(Task input)
--------------------
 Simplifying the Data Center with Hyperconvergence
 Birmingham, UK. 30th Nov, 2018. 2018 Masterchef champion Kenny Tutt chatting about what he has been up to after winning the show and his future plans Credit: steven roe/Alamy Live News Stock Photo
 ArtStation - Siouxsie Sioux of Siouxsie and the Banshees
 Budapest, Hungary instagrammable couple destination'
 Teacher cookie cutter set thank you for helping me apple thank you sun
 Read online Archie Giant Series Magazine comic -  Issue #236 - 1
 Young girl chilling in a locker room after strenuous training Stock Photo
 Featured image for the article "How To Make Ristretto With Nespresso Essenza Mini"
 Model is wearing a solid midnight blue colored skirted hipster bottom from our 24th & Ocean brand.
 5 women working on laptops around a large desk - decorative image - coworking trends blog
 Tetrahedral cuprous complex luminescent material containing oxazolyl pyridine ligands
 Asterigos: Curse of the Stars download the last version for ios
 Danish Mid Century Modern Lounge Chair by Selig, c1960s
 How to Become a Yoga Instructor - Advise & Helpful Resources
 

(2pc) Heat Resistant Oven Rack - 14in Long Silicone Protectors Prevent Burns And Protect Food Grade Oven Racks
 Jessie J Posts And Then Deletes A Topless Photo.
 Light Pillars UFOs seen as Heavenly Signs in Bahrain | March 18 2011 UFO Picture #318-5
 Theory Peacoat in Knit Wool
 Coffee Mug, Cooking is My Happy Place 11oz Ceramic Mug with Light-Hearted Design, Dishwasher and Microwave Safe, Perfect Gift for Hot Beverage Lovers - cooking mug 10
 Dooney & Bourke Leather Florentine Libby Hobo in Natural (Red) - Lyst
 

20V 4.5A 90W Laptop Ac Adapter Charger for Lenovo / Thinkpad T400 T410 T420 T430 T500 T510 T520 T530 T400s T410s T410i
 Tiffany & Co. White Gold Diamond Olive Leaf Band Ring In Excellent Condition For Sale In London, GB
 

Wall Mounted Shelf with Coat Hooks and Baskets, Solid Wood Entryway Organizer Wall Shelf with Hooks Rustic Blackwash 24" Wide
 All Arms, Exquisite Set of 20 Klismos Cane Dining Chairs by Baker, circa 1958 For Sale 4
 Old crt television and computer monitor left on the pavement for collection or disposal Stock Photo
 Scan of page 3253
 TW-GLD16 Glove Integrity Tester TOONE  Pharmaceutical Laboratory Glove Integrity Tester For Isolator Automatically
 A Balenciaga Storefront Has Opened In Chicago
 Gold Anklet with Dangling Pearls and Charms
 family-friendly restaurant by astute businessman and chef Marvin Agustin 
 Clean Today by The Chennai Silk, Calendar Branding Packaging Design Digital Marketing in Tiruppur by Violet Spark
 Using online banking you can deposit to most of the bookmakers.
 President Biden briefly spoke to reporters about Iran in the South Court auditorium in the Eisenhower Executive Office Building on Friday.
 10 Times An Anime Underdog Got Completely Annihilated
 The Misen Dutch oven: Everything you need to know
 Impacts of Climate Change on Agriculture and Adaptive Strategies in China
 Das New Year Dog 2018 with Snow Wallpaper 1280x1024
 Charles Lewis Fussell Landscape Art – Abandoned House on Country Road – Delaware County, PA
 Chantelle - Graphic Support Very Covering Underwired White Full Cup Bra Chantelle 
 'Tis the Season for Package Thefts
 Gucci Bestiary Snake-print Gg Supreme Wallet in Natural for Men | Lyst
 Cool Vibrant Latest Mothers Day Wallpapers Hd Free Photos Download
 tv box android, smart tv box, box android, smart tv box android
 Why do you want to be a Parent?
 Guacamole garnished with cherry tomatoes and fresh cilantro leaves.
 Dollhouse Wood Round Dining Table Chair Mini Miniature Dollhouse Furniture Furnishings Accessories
--------------------
(Work request) There is a line with "Tiffany & Co." and a line with "Using online banking" above. Copy exactly those two lines and all lines between them, with nothing else.

(Response for this exercise)
 Tiffany & Co. White Gold Diamond Olive Leaf Band Ring In Excellent Condition For Sale In London, GB
 

Wall Mounted Shelf with Coat Hooks and Baskets, Solid Wood Entryway Organizer Wall Shelf with Hooks Rustic Blackwash 24" Wide
 All Arms, Exquisite Set of 20 Klismos Cane Dining Chairs by Baker, circa 1958 For Sale 4
 Old crt television and computer monitor left on the pavement for collection or disposal Stock Photo
 Scan of page 3253
 TW-GLD16 Glove Integrity Tester TOONE  Pharmaceutical Laboratory Glove Integrity Tester For Isolator Automatically
 A Balenciaga Storefront Has Opened In Chicago
 Gold Anklet with Dangling Pearls and Charms
 family-friendly restaurant by astute businessman and chef Marvin Agustin 
 Clean Today by The Chennai Silk, Calendar Branding Packaging Design Digital Marketing in Tiruppur by Violet Spark
 Using online banking you can deposit to most of the bookmakers.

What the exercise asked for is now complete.